ALS drug Relyvrio fails clinical trial, could be pulled from market

ALS drug Relyvrio fails clinical trial, could be pulled from market

One of the few treatments approved by the Food and Drug Administration for amyotrophic lateral sclerosis failed in a large clinical trial, and its manufacturer said Friday it plans to pull it from the market.

The drug, called Relyvrio, was approved less than two years ago, despite questions about its effectiveness in treating the serious neurological disorder.
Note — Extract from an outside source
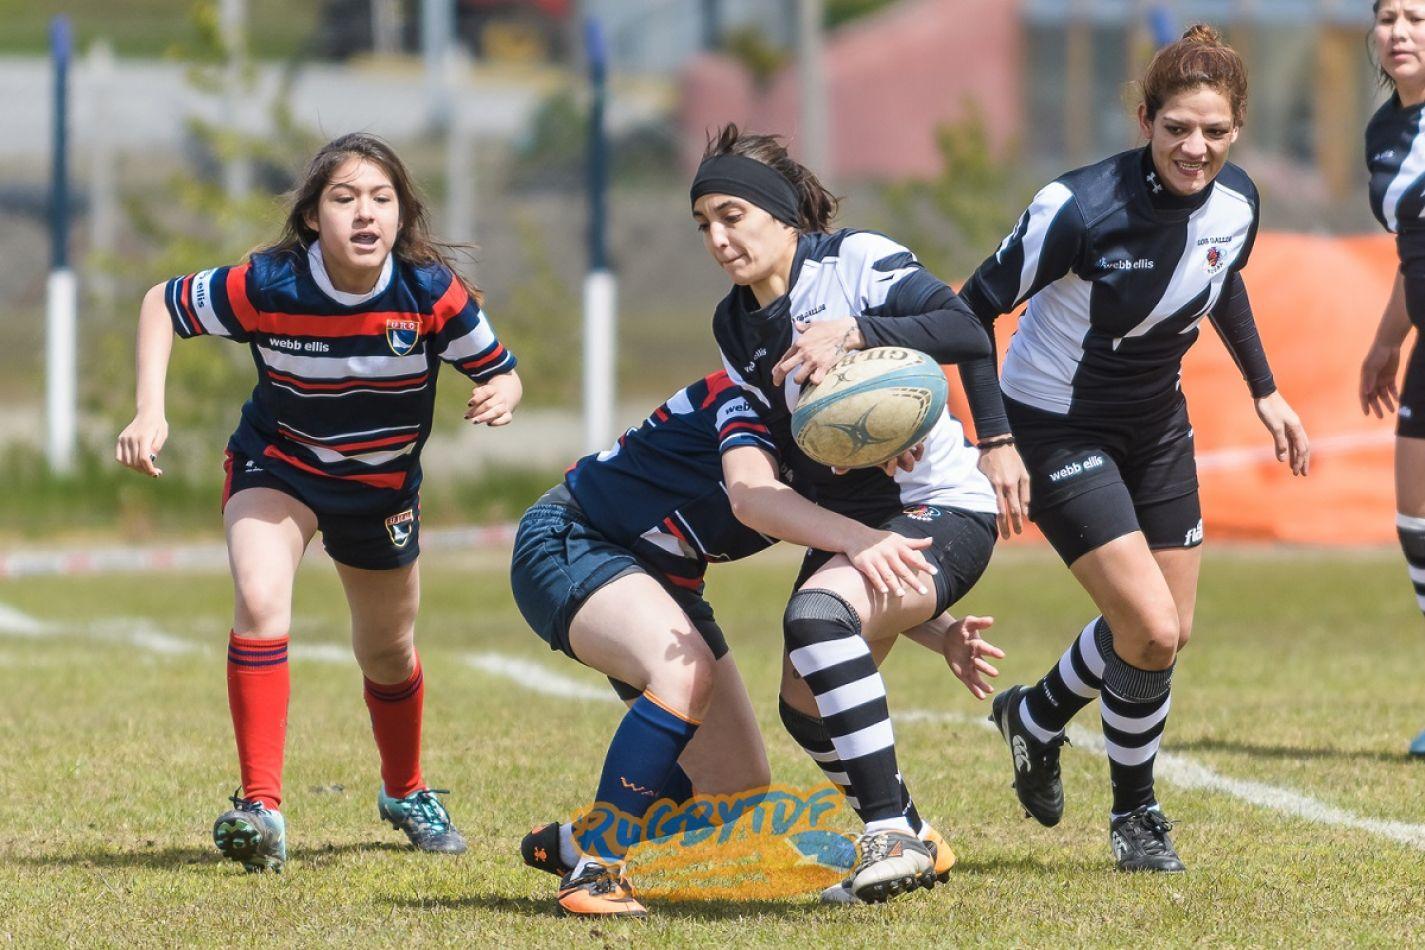 Buscan conformar un plantel femenino de rugby

At the time, FDA reviewers concluded that there was not yet sufficient evidence that the drug could help patients live longer or slow the rate at which they lose functions such as control muscle, speech or breathing without assistance.

But the agency decided to greenlight the drug instead of waiting two years for results from a large clinical trial, citing data showing the treatment is safe and the desperation of patients with the disease. which often results in death within two to five years. Since then, about 4,000 patients in the United States have received the treatment, a powder mixed with water and drunk or ingested through a feeding tube, at a list price of $158,000 a year.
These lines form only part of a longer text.